-- Opening Marker --

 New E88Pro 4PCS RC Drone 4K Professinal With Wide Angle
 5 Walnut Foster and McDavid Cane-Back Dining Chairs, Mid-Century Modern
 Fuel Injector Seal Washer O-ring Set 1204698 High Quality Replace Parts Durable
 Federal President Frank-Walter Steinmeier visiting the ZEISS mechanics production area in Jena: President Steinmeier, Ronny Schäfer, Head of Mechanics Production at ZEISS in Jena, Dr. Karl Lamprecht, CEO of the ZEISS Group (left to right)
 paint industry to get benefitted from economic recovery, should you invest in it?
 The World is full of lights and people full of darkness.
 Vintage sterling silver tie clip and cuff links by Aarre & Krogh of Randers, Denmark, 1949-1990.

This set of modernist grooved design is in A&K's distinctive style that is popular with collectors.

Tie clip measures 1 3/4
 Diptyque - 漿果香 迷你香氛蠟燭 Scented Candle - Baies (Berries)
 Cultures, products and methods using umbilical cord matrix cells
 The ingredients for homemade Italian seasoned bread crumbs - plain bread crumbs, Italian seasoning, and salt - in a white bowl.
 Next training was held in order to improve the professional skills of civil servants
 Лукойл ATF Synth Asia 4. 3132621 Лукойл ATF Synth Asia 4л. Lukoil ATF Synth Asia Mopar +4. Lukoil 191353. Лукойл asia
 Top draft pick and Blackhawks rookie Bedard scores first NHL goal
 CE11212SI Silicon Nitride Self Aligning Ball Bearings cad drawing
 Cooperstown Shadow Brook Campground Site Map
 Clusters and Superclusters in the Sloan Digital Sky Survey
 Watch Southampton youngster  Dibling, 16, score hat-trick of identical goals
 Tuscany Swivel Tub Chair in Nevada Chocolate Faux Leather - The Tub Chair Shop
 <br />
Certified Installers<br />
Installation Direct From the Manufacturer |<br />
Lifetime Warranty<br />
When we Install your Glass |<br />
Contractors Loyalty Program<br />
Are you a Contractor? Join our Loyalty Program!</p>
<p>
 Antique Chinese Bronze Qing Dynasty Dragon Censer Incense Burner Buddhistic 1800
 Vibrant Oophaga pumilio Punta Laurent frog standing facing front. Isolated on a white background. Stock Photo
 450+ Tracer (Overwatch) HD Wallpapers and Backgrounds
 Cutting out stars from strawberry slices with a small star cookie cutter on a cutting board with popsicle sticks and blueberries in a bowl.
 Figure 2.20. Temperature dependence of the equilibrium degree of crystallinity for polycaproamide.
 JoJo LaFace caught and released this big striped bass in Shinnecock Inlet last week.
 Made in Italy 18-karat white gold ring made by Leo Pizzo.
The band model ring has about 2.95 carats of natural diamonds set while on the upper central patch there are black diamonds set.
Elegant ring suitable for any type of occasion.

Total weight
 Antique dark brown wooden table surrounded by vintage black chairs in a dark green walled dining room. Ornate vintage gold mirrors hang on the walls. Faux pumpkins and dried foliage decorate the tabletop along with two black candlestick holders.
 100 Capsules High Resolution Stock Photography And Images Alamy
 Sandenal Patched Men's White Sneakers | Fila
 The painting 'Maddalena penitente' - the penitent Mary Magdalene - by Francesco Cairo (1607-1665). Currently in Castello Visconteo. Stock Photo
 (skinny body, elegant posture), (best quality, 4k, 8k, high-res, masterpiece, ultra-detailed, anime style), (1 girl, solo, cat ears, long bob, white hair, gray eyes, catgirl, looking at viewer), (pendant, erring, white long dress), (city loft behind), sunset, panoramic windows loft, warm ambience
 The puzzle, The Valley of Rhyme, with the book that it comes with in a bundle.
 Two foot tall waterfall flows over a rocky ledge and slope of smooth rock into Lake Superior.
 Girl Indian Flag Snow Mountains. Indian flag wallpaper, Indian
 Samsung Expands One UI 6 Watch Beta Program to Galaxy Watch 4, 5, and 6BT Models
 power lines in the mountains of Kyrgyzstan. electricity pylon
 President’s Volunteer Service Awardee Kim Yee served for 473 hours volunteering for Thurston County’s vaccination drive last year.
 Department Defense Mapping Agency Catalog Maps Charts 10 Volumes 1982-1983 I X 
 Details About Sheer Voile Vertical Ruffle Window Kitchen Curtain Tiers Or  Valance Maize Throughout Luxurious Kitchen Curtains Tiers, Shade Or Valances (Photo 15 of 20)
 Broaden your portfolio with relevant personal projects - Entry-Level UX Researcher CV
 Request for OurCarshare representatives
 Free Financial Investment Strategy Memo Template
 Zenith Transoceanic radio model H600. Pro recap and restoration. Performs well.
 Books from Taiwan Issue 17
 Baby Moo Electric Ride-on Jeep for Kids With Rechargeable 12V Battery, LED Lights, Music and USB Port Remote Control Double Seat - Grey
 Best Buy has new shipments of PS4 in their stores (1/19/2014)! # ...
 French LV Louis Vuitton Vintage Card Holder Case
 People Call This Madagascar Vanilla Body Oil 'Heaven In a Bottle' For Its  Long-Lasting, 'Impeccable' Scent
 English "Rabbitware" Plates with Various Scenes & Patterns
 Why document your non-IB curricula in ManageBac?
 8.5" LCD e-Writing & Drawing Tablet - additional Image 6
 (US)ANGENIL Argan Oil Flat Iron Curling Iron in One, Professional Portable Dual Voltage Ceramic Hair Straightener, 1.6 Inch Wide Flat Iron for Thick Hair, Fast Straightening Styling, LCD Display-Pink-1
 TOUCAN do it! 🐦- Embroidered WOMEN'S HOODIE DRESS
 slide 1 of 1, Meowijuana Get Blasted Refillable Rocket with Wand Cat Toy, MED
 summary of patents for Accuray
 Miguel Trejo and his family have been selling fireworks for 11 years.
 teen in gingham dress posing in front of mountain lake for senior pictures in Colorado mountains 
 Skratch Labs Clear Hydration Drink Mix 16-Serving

-- Closing Marker --

## Task details
In the records above, locate the lines holding the word "bowl". Copy each of them.

## Solution below
 The ingredients for homemade Italian seasoned bread crumbs - plain bread crumbs, Italian seasoning, and salt - in a white bowl.
 Cutting out stars from strawberry slices with a small star cookie cutter on a cutting board with popsicle sticks and blueberries in a bowl.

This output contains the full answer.